Virtex-6 FPGA Data Sheet: DC and Switching Characteristics

Virtex-6 FPGAs build on the success of the Virtex-5 family. The more advanced 40 nm process makes it technically and economically possible to more than double the logic capacity of the largest family member (760,000 logic cells, 948,000 flip-flops, and 38 Mb of block RAM, compared to 360,000 logic cells, 207,000 flip-flops, and 18 Mb of block RAM in the largest Virtex-5 FPGA).

Advanced processing, innovative architecture and circuit design, and a lower supply voltage reduce static and dynamic power consumption by over 30%, a surprising feat that is highly appreciated by the user.

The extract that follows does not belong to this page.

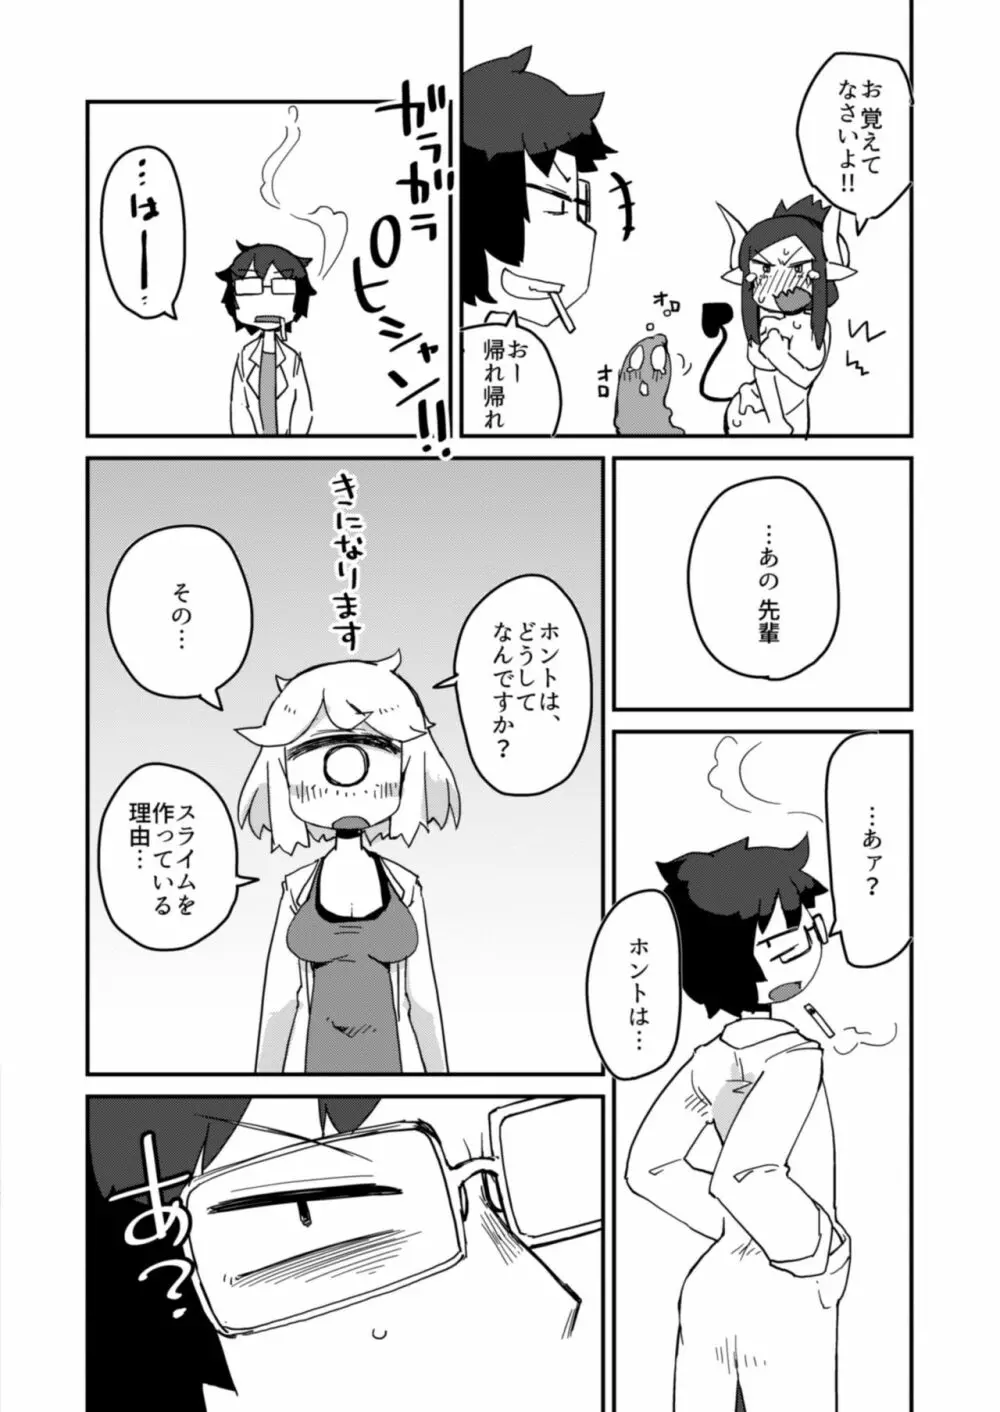 後輩の単眼ちゃん#2 - page15

Higher performance is also the combined result of better processing, architecture, and tools. Advanced 40 nm processing offers transistors with three different oxide thicknesses and multiple threshold voltages as well as low-K dielectric between interconnect lines. Architectural improvements center around enhanced LUTs, with more flip-flops and better routing, better clock generation, low-skew clock distribution, faster I/O, and significantly faster 6.5 Gb/s transceivers. Many dedicated system-level blocks offer ASIC-like performance, size, and low power, while they are tightly integrated in a versatile FPGA structure. Finally, improved tools offer much faster synthesis, and place and route of the user's design.

CLBs, Slices, and LUTs

Virtex-6 FPGA Configurable Logic Block User Guide

The look-up tables (LUTs) in Virtex-6 FPGAs can be configured as either 6-input LUT (64-bit ROMs) with one output, or as two 5-input LUTs (32-bit ROMs) with separate outputs but common addresses or logic inputs. Each LUT output can optionally be registered in a flip-flop. Four such LUTs and their eight flip-flops as well as multiplexers and arithmetic carry logic form a slice, and two slices form a configurable logic block (CLB). Four flip-flops per slice (one per LUT) can optionally be configured as latches. In that case, the remaining four flip-flops in that slice must remain unused.

Between 25"50% of all slices can also use their LUTs as distributed 64-bit RAM or as 32-bit shift registers (SRL32) or as two SRL16s. Modern synthesis tools take advantage of these highly efficient logic, arithmetic, and memory features. Expert designers can also instantiate them.

Clock Management

Virtex-6 FPGA Clocking Resources User Guide

Each Virtex-6 FPGA has up to nine clock management tiles (CMTs), each consisting of two mixed-mode clock managers (MMCMs), which are PLL based.

Phase-Locked Loop
The MMCM can serve as a frequency synthesizer for a wider range of frequencies and as a jitter filter for incoming clocks. The heart of the MMCM is a voltage-controlled oscillator (VCO) with a frequency from ~400 MHz up to 1600 MHz, spanning more than one octave. There are three sets of programmable frequency dividers (D, M, and O).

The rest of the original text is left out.